Hace 25 años ocurrió el entierro simbólico del comunismo. Una esperanzada muchedumbre de alemanes corrió hacia el Muro de Berlín y lo demolió a martillazos. Era como si golpearan las cabezas de Marx, Lenin, Stalin, Honecker, Ceaucescu y el resto de los teóricos y tiranos responsables de la peor y más larga dictadura de cuantas ha padecido el género humano. Por aquellos años un libro riguroso pasó balance del experimento. Se tituló El libro negro del comunismo. Nuestra especie abonó los paraísos del proletariado con unos cien millones de cadáveres.

Era predecible. En la URSS, en 1989, fracasaban todos los esfuerzos de Gorbachov por rescatar el modelo marxista-leninista. En Hungría, un partido comunista, dirigido por Imre Pozsgay, un reformista decidido a liquidar el sistema, abría sus fronteras para que los alemanes de la RDA pasaran a Austria y de ahí a la fulgurante Alemania Federal, la libre. En Checoslovaquia, Václav Havel y un puñado de intelectuales valientes animaban el Foro Cívico como respuesta a la barbarie monocorde de Gustáv Husák. En junio, cinco meses antes del derribo del Muro, los polacos habían participado en unas elecciones maquiavélicamente concebidas para arrinconar a Solidaridad, pero, liderados por Lech Walesa, la oposición democrática ganó 99 de los 100 escaños del senado.

¿Qué había pasado? El sistema comunista, finalmente, había sido derrotado. Los países que primero lo implementaron, y que primero lo cancelaron, eran empobrecidas dictaduras, crueles e ineficaces, que se retrasaban ostensiblemente con relación a Occidente en todos los órdenes de la convivencia. Ese dato era inocultable.
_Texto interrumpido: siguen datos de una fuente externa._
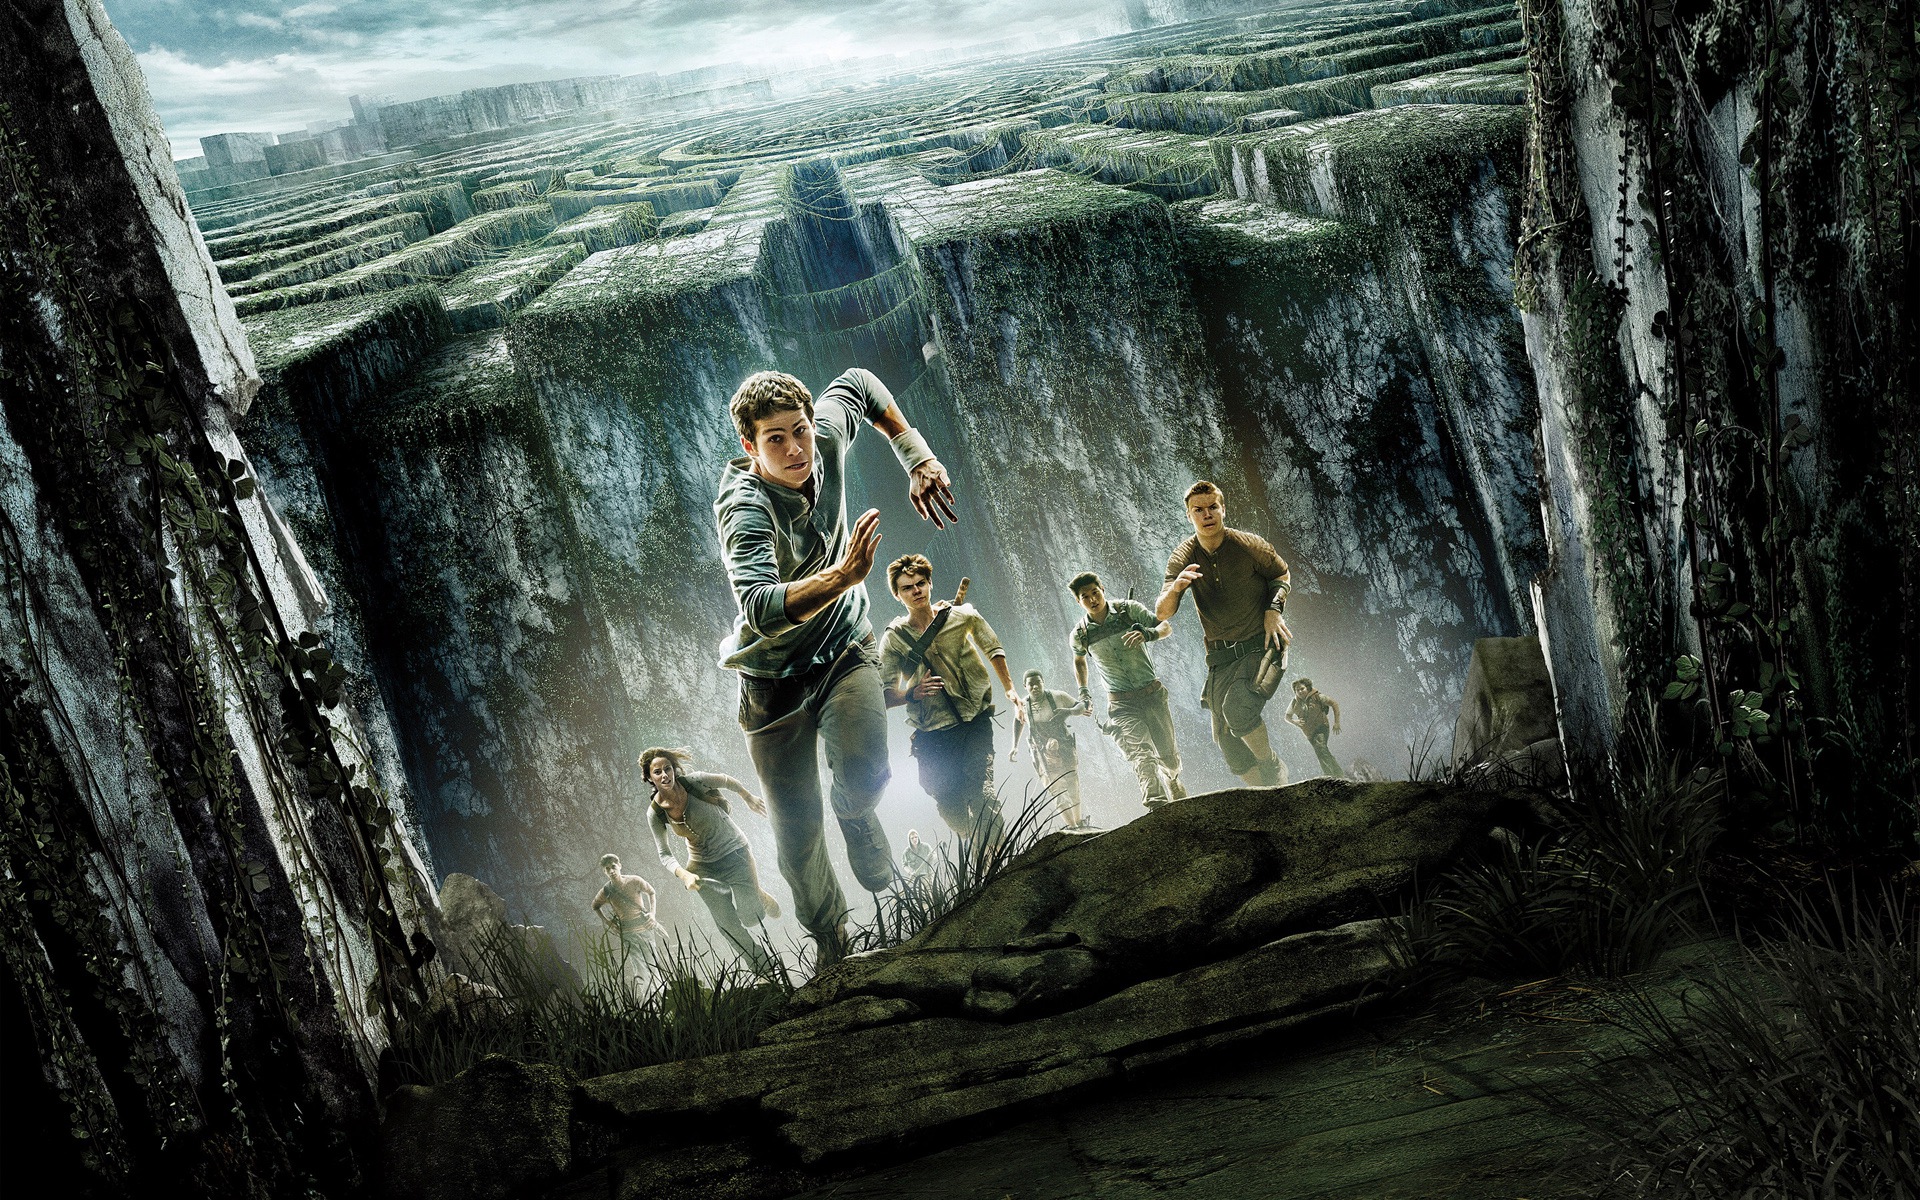 The Maze Runner HD movie wallpapers #6 - 1920x1200

Bastaba comparar las dos Alemania, o a Austria con Hungría y Checoslovaquia, los restantes segmentos del Imperio austrohúngaro, para confirmar la inmensa superioridad del modelo occidental basado en la libertad, el mercado, la existencia de propiedad privada. El día y la noche.

El comunismo era un horror del que escapaba todo el que podía, mientras los que se quedaban ya no creían en la teoría marxista-leninista, aunque aplaudieran automáticamente las consignas impuestas por la jefatura. Por eso Boris Yeltsin pudo disolver el Partido Comunista de la Unión Soviética en 1991, con sus veinte millones de miembros, sin que se registrara una simple protesta. La realidad, no la CIA ni la OTAN, había derrotado esa bárbara y contraproducente manera de organizar la sociedad.

¿Y los chinos? Los chinos, más pragmáticos, se habían dado cuenta antes. Les bastó observar el ejemplo impetuoso y triunfador de Taiwán, Hong Kong y Singapur. Eran los mismos chinos con diferente collar. Mao había muerto en 1976 y la estructura de poder inmediatamente rehabilitó a Deng Xiaoping para que comenzara la evasión general del manicomio colectivista instaurado por el Gran Timonel, un psicópata cruel dispuesto a sacrificar millones de compatriotas para poner en práctica sus más delirantes caprichos. Cuando el muro berlinés fue derribado, los chinos llevaban una década cavando silenciosamente en busca de la puerta de escape.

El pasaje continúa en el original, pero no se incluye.